A new closure for Grad’s 13 moment equations is presented that adds terms of Super-Burnett order to the balances of pressure deviator and heat flux vector. The additional terms are derived from equations for higher moments by means of the distribution function for 13 moments. The resulting system of equations contains the Burnett and Super-Burnett equations when expanded in a series in the Knudsen number. However, other than the Burnett and Super-Burnett equations, the new set of equations is linearly stable for all wavelengths and frequencies. Dispersion relation and damping for the new equations agree better with experimental data than those for the Navier–Stokes–Fourier equations, or the original 13 moments system. The new equations also allow the description of Knudsen boundary layers.
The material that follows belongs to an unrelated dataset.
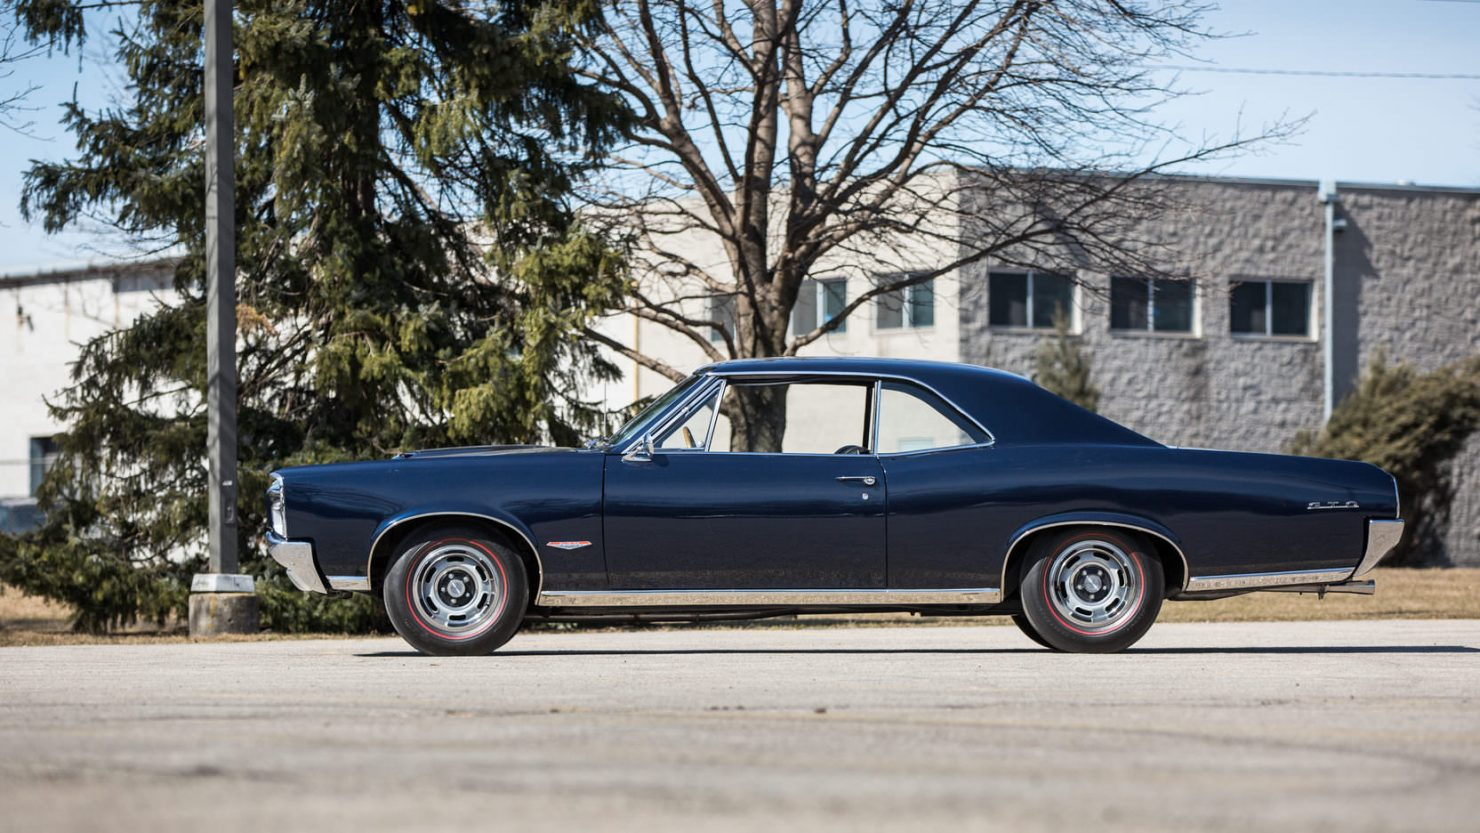 Pontiac GTO Tri Power 1 1480x833 - 1966 Pontiac GTO Tri-Power

Regularized 13-moment equations: shock structure calculations and comparison to Burnett models

Recently a new system of field equations for the accurate description of flows in rarefied gases, called regularized 13-moment equations, was obtained by means of a hybrid gas kinetic approach. The first part of this paper discusses the relationship of the new system to classical high-order theories like the Burnett and super-Burnett equations as well as to modified models like the augmented and regularized Burnett equations. In the second part, shock structure calculations with the new theory are presented and compared to direct-simulation Monte Carlo (DSMC) solutions and to solutions of the Burnett models. Owing to additional higher-order dissipation in the system, the profiles are smooth for any Mach number, in contrast to the results of Grad’s 13-moment case. The results show reliable quantitative agreement with DSMC simulations for Mach numbers up to M0 ≈ 3.0. The agreement is better for Maxwell molecules than for hard spheres. The results of the augmented Burnett equations are comparable, but these equations are shown to be spatially unstable. Additionally, a validiation procedure for the new equations is presented by investigating the positivity of Grad’s distribution function.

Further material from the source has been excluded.